Die Mehrheit entschied sich für „RaumZeit“, aus dem der Autor zwei Textauszüge vorstellte. Zum Einstieg las Linker – Buch in der Hand – von der Ankunft seines Protagonisten Tim Landberg im Jugendstrafvollzug, wo er schließlich auf seiner Pritsche in der kahlen Zelle auf eine „Schrift an der Wand“ wartet, Anspielung auf Alfred Anderschs Roman „Sansibar oder der letzte Grund“, die aber nicht erscheint. Stattdessen nimmt Tim Kontakt mit dem ebenfalls inhaftierten „Naziwichser“ Bodo Ingel auf, der ihn unter seine Fittiche nimmt, und verliebt sich schließlich in Martha, die ein Kunstunterrichts-Projekt ins Gefängnis führt. Beim ersten Freigang landet er mit ihr im Bett. Mit der brennenden Frage, wie diese Beziehung weitergehen kann und warum Tim überhaupt einsitzt, ließ Linker seine Zuhörer dann sitzen, stellte sich aber ihren Fragen, etwa zu seiner Sprache – Annäherung an Jugendsprache –, ob und wie er als studierter Theologe religiöse Themen einflechte und wie nah seine Figuren an der Realität seien.

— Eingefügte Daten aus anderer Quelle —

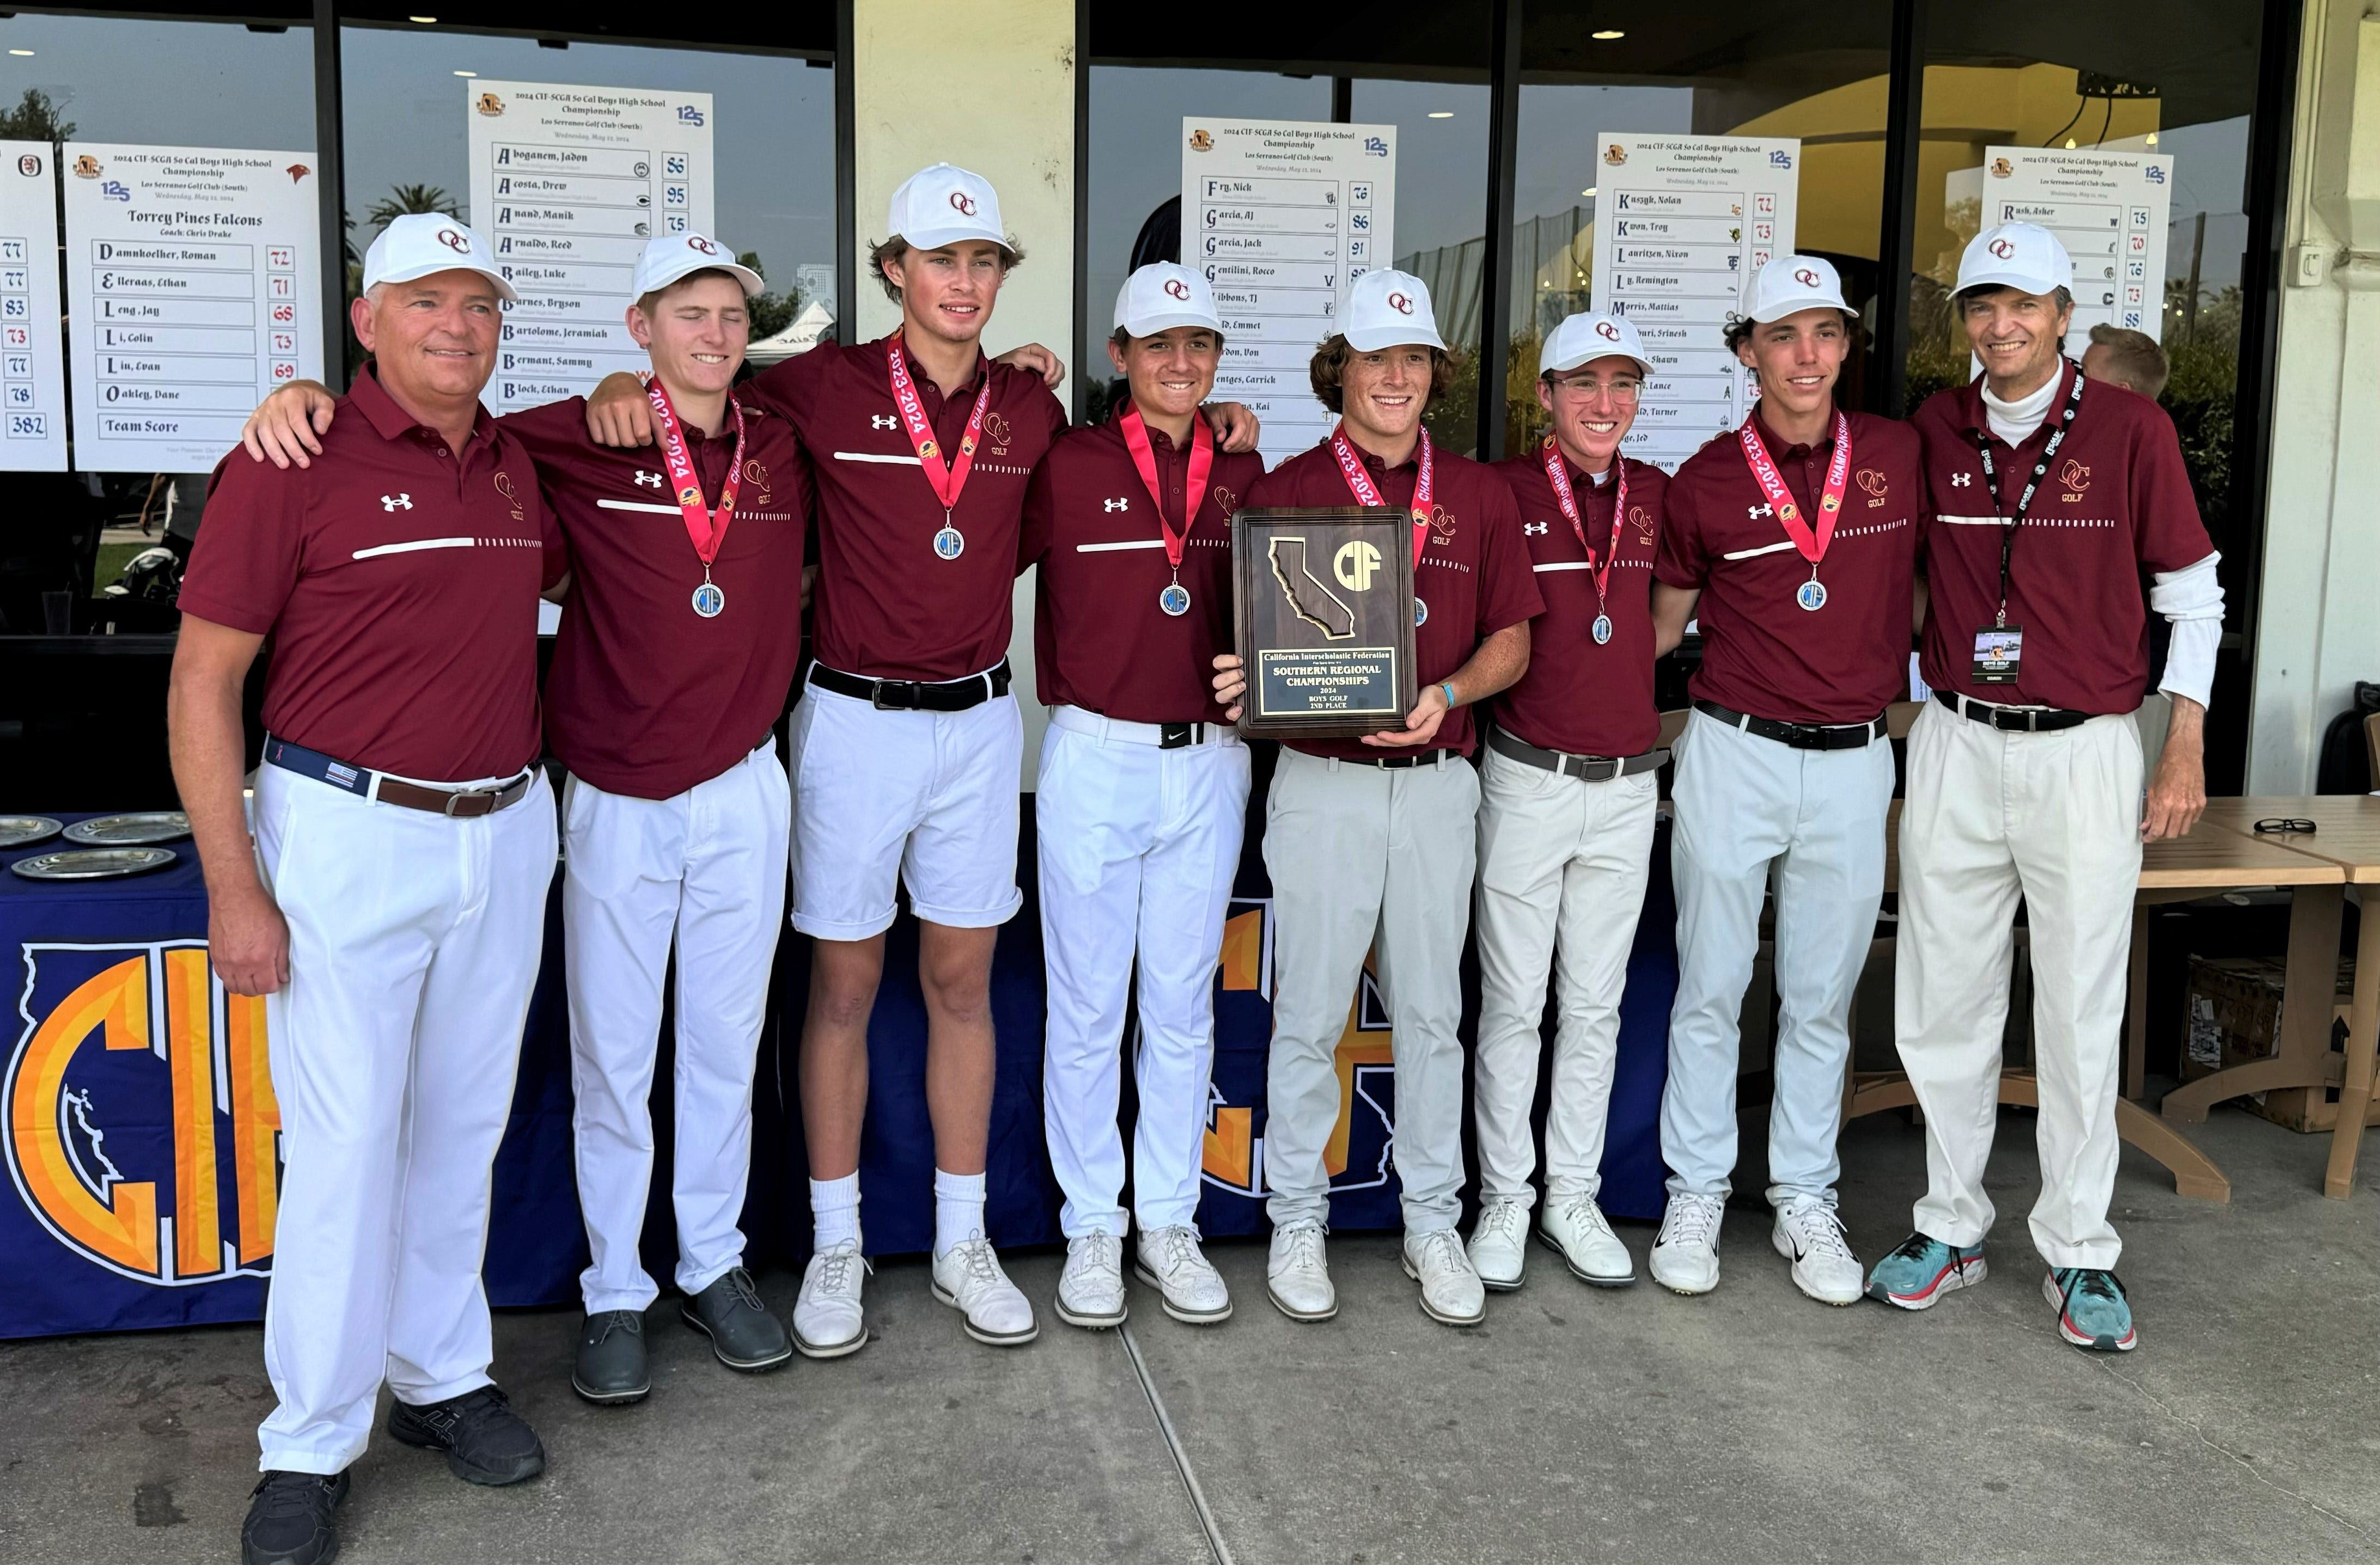 Oaks Christian boys golf team advances to state championship
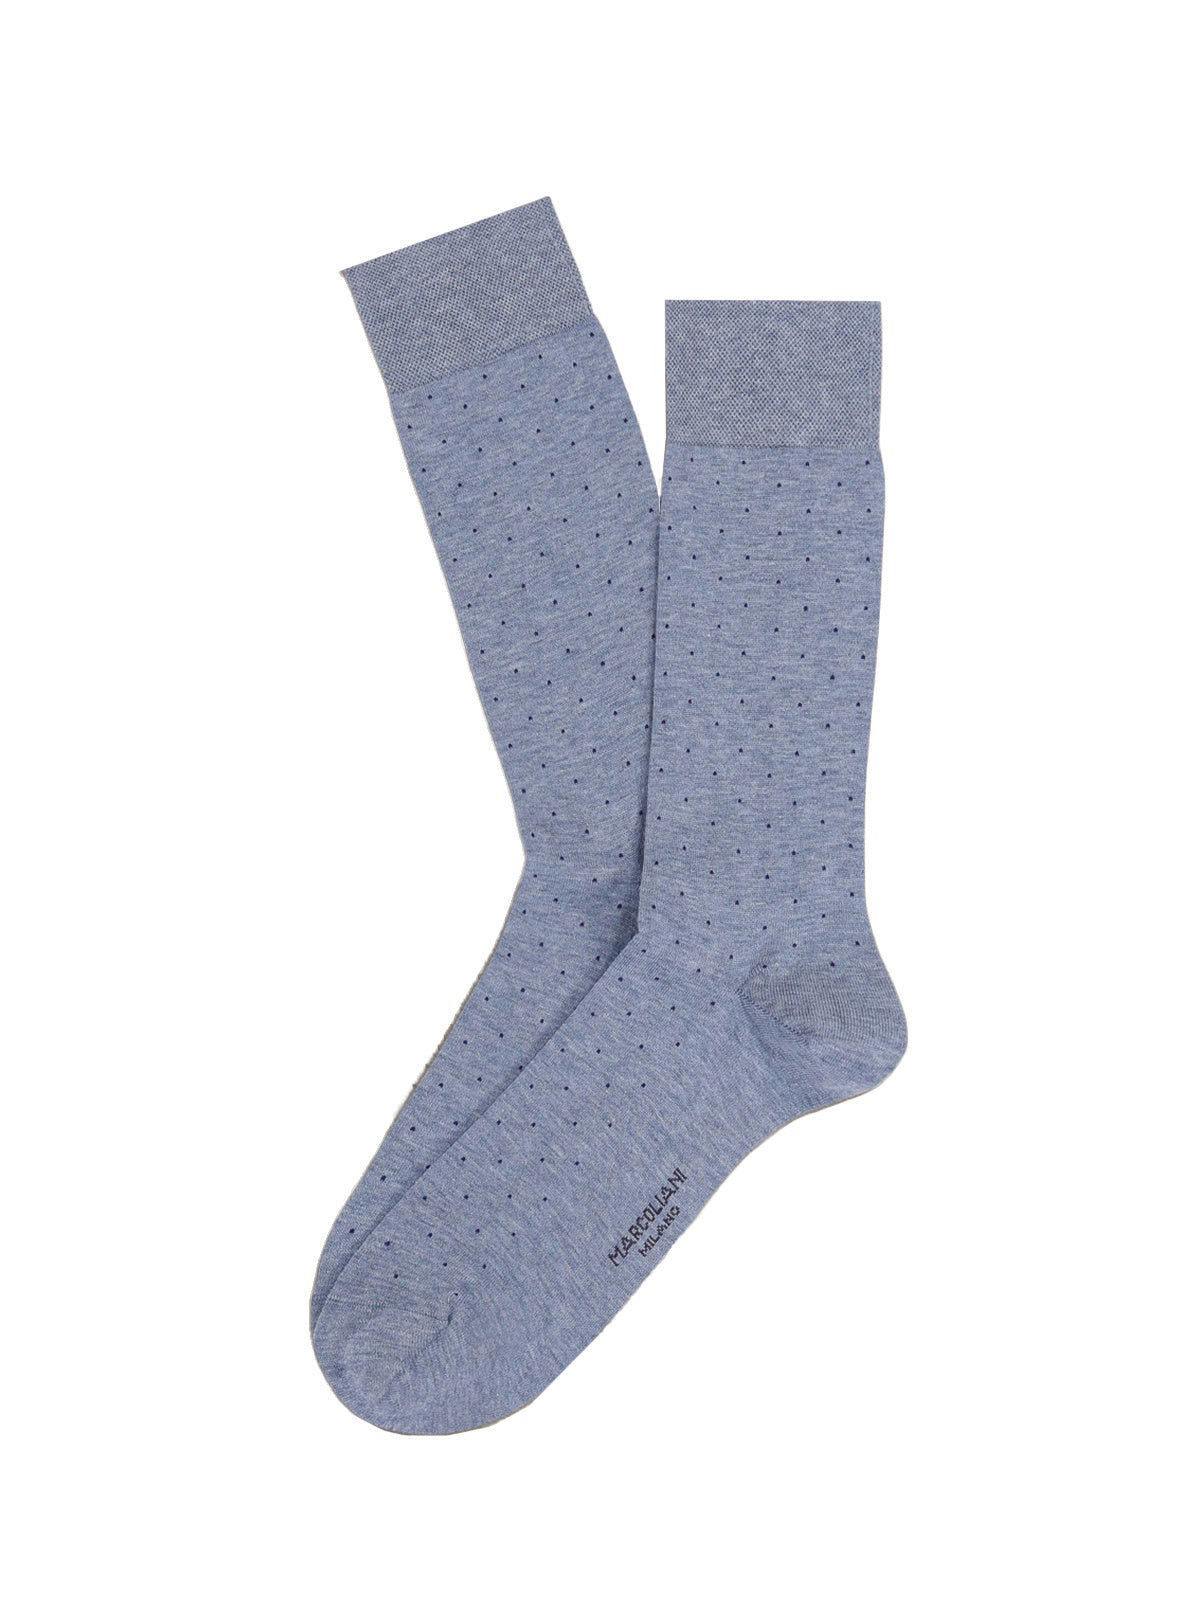 Argyle Slate Blue Dress Socks, Cotton Socks

Linker gab in den Antworten einige Anekdoten zum Besten und wahrte die Balance zwischen Ernsthaftigkeit und Humor, was bei dem jungen Publikum offensichtlich gut ankam, sodass einige der mehrheitlich nicht dem Lesen zugeneigten Zuhörer sich interessiert zeigten, einmal ein Buch von ihm genauer in Augenschein zu nehmen.

Am Tag darauf, Freitag, den 08. Oktober, besuchte Christian Linker erneut in den ersten beiden Stunden diesmal den Kurs Praktische Philosophie der AHR-Elfer-Klassen aus den Abteilungen Gesundheit und Soziales, Technik und Wirtschaft und Verwaltung und hatte ein besonderes Schmankerl mitgebracht: Passend zum Kursthema Sekten und Verschwörungstheorien gab es eine „Sneak-Preview-Lesung“, wie er es nannte, einen Vorgeschmack auf einen noch nicht veröffentlichten Roman. „Y-Game“ erscheint Ende 2021 und schildert aus der Perspektive des Ich-Erzählers und Außenseiters Janosch dessen Erfahrungen mit einem perfiden Spiel, einem Alternate Reality Game, das auf verschiedene Medien zurückgreift und so die Grenze zwischen fiktiven Ereignissen und realen Erlebnissen verwischt. Immer wieder findet man im Real Life kryptische Hinweise, die die Spieler in den Sog eines Verschwörungsmythos ziehen. Entsprechend der Ideologie der QAnon-Anhänger, die die Regierungen dieser Welt für Marionetten mysteriöser Strippenzieher halten, angeblich befördert von Prominenten wie Bill Gates, Hilary Clinton, Joe Biden, Angela Merkel, George Soros, Britney Spears und einer behaupteten jüdischen Verschwörung, geht es auch hier darum, dass unschuldige Kinder entführt und in geheimen Folterkellern vergewaltigt und gequält werden. Der Oberbürgermeister des Städtchens, in dem Janosch lebt, soll an dem grausigen Geschäft mit Adenochron beteiligt sein, einem Stoffwechselprodukt der Zirbeldrüse, das bei Angst und Stress abgesondert und den Kindern abgezapft wird, um daraus einen Verjüngungstrank zu mixen. Wieder einmal mehr ist Christian Linker damit hart am Puls der aktuellen Geschehnisse: Im Zuge der Pandemie trieben derart abstruse Schwurbeleien weltweit Blüten.

Im anschließenden Gespräch konnten bis zum Klingeln kaum alle Fragen der Schülerinnen beantwortet werden, die viele Aspekte betrafen: von dem, was Linker inspiriere, zu seinen Themen, der Recherche, der Figurenkonstruktion bis hin zur Bezahlung: Erhält ein Schriftsteller ein monatliches Gehalt oder wird er pro Buch bezahlt? Linker gab nicht nur ausführliche Antworten, sondern konnte wieder mit vielen Erfahrungsberichten punkten, eigene Irrtümer oder Fehleinschätzungen eingeschlossen. Gefragt, für wie bedrohlich er Verschwörungserzählungen halte, gab er sich zuversichtlich: Demokratie als die beste aller Gesellschaftsformen müsse und könne viel aushalten, auch dass gelegentlich der Teufel an die Wand gemalt werde.